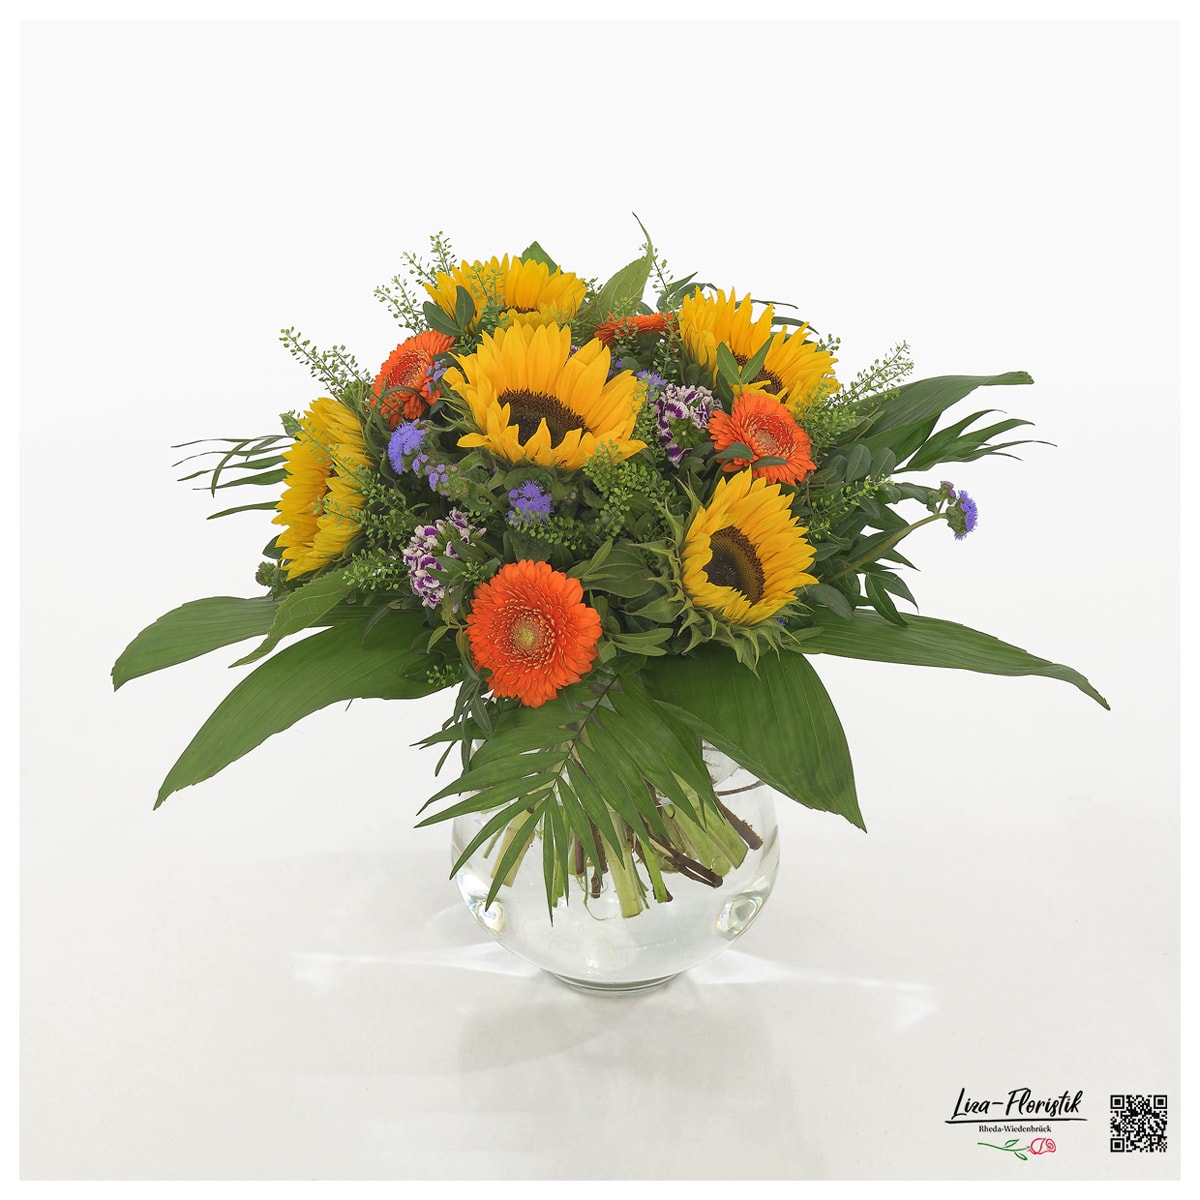 Blumenstrauß mit Sonnenblumen, Gerbera, Bartnelken, Thlaspi und Ageratum
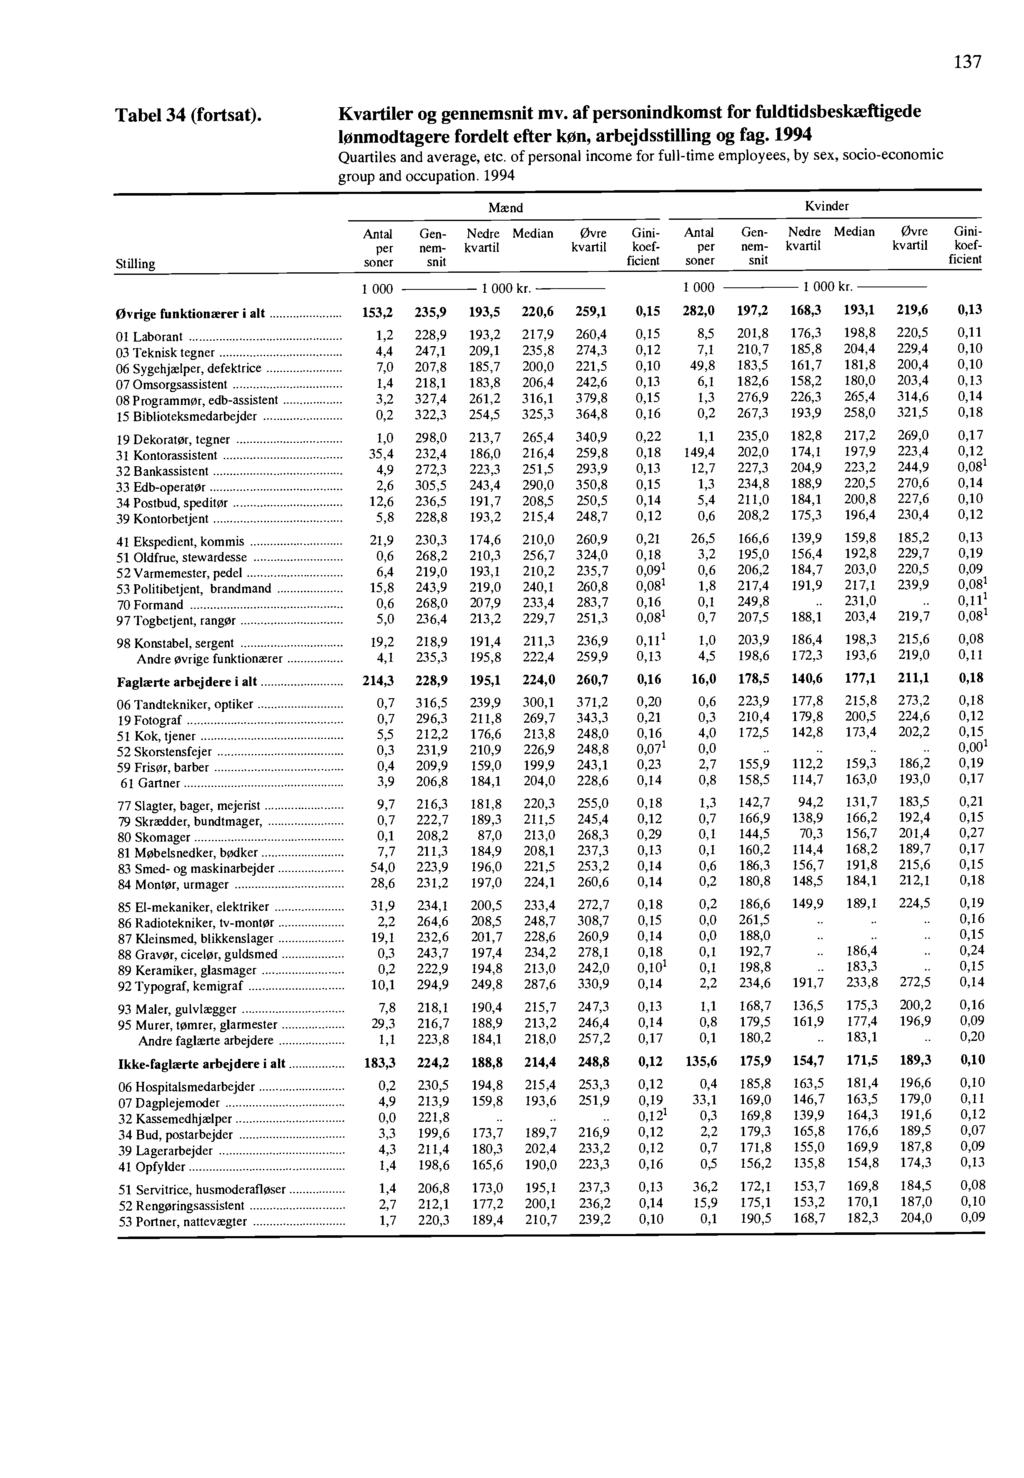 137 Tabel 34 (fortsat) Kvartiler og gennemsnit mv of personindkomst for fuldtidsbeskæftigede lonmodtagere fordelt efter Icon, arbejdsstilling og fag 1994 Quartiles and average, etc of personal income
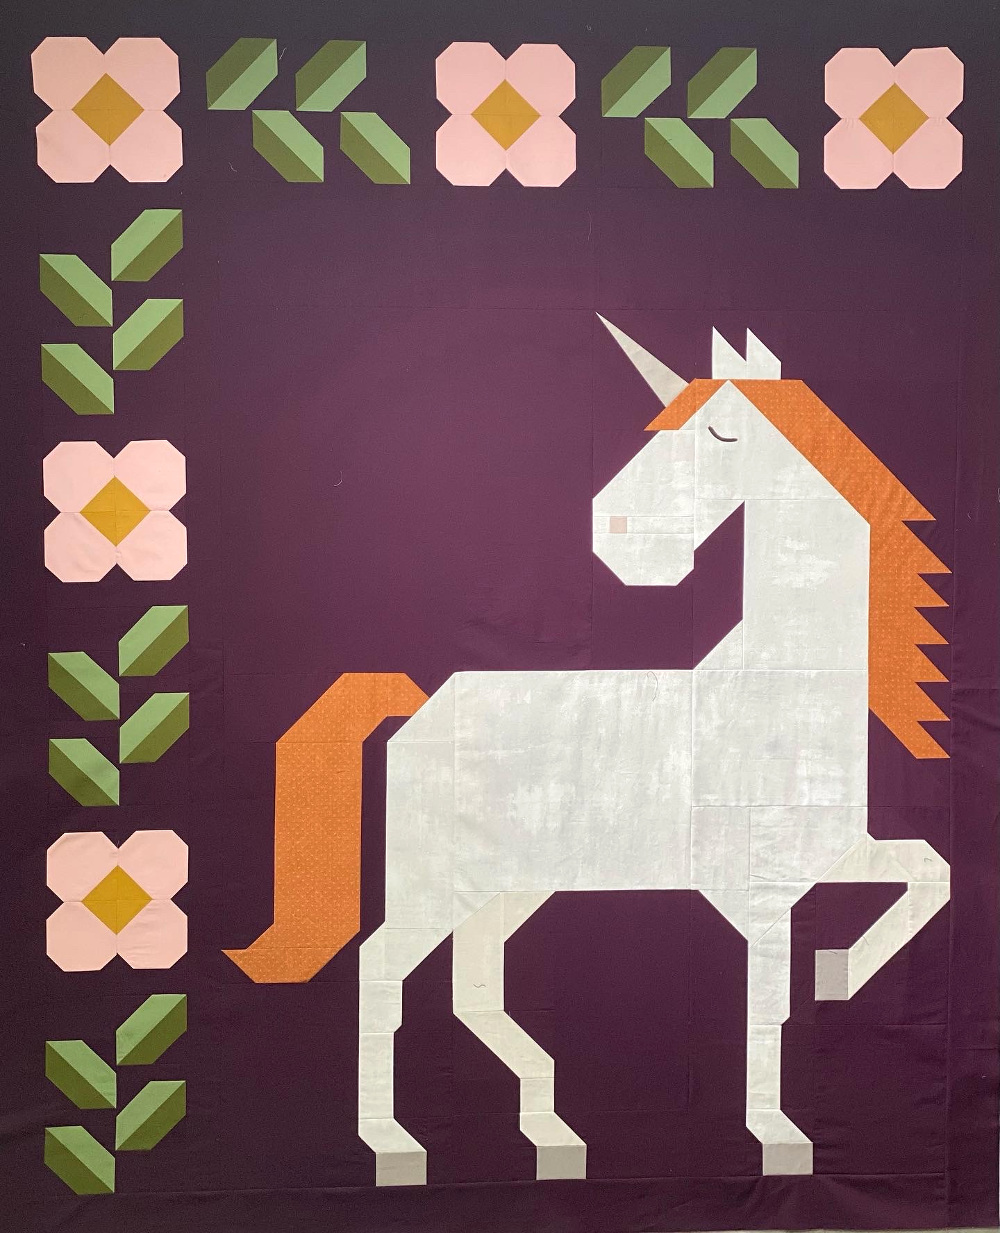 Unicorn Garden quilt top by Sabra H.
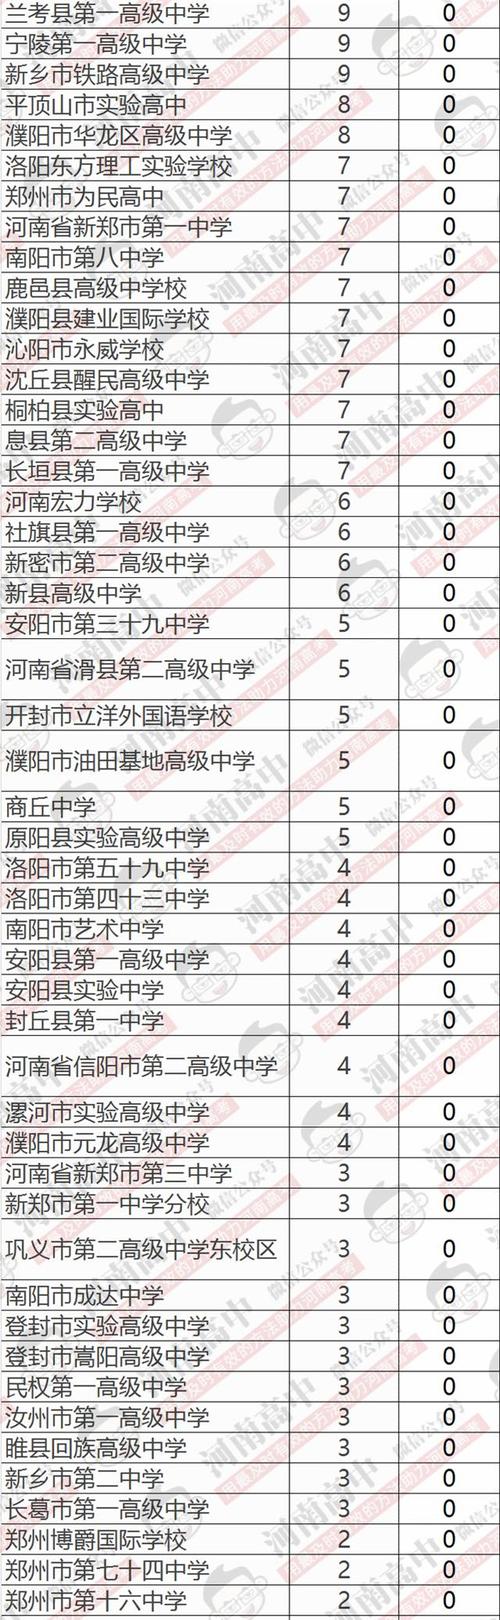 2017年河南自主招生院校名单汇总 河南省招生计划目录

§ **Work instructions**: Transcribe the material exactly, leaving every picture out.

§ **Response to this task**:
 Blumenstrauß mit Sonnenblumen, Gerbera, Bartnelken, Thlaspi und Ageratum
 137 Tabel 34 (fortsat) Kvartiler og gennemsnit mv of personindkomst for fuldtidsbeskæftigede lonmodtagere fordelt efter Icon, arbejdsstilling og fag 1994 Quartiles and average, etc of personal income
 Unicorn Garden quilt top by Sabra H.
 2017年河南自主招生院校名单汇总 河南省招生计划目录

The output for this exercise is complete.